= Fireboats of Jamaica =

Fire-fighting watercraft in Jamaica

The Jamaican Fire Brigade operates several fireboats of Jamaica.
According to a 2003 article in the Jamaica Gleaner the three fireboats then nominally operated by the Fire Brigade were all in a state of disrepair, and had all been out of service for months—or in the case of one vessel—years. According to another Gleaner article the stations were dangerously over-run with rats and other vermin.

In 2005 the Jamaica Star reported that after the fireboat assigned to the Kingston Fire Boat Station had been out of service for most of 2004—being sent for repair four separate times, the staff were assigned to other duties when the fireboat was placed permanently offline.

By 2012, the fireboat that served Montego Bay, Jamaica's second most important port, had been without a fireboat for over five years, as the previous boat had been written off as not worth repairing, but had yet to be replaced.

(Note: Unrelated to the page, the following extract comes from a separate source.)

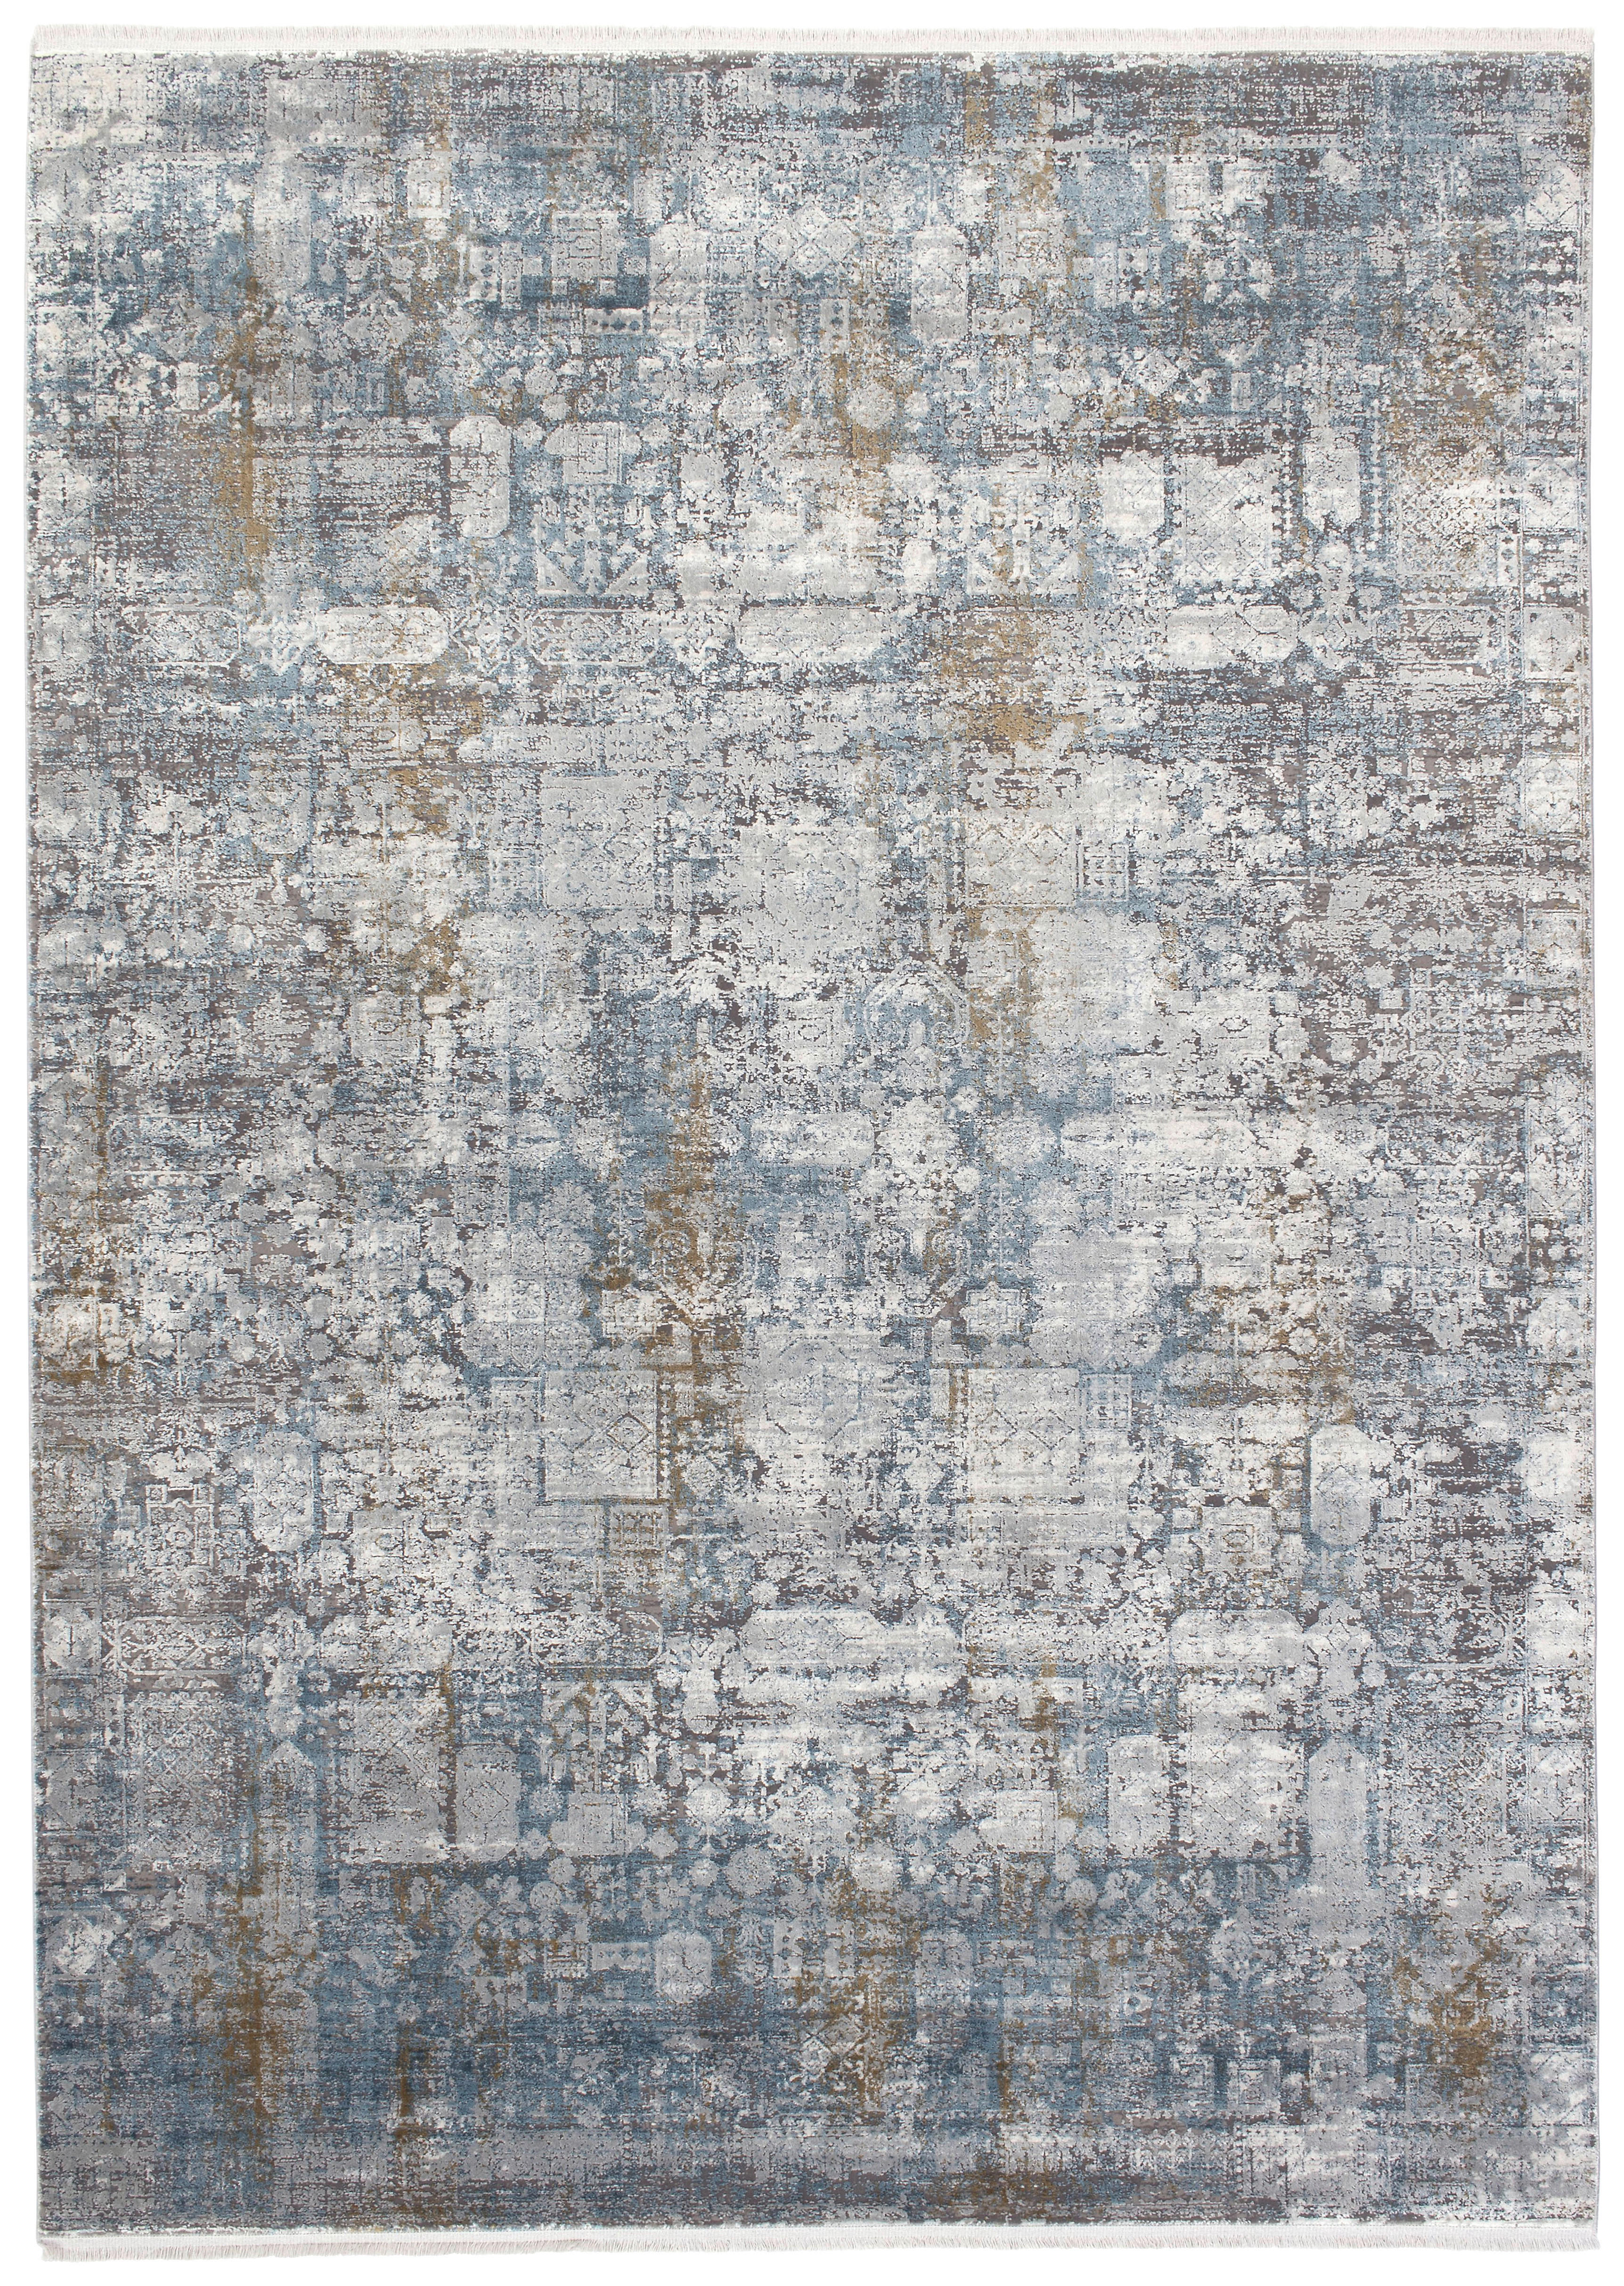 WEBTEPPICH  67/130 cm  Blau, Grau   - Blau/Grau, Design, Textil (67/130cm) - Musterring

Both the mayor of Montego Bay, Glendon Harris, and Jamaica Senator Robert Montague have called for the urgent supply of new fireboats.

In November 2013 Alrick Hacker a Senior Deputy Superintendent of the Fire Brigade, defended the Brigade's replacement plans and outlined the interim measures in place until the new boats were in service.
Jamaica's three new Jamaican Coast Guard patrol cutters all mount a water cannon in their bow, and Hacker said the Coast Guard had been requested to help out until the Brigade's new fireboats were ready. He said the Police Marine units also had some firefighting capability, and they too had been asked to help out. He asserted that modern cruise ships, the foreign vessels of most acute concern, were built more fire-safe than in the past, and had the capability to fight their own fires, to a certain extent.

Hacker asserted that new technology would allow the Fire Brigade to replace their older, relatively large vessels with smaller, faster, more capable vessels, that would be cheaper to operate and to maintain.

In 2018 the Fire Brigade acquired two new fireboats.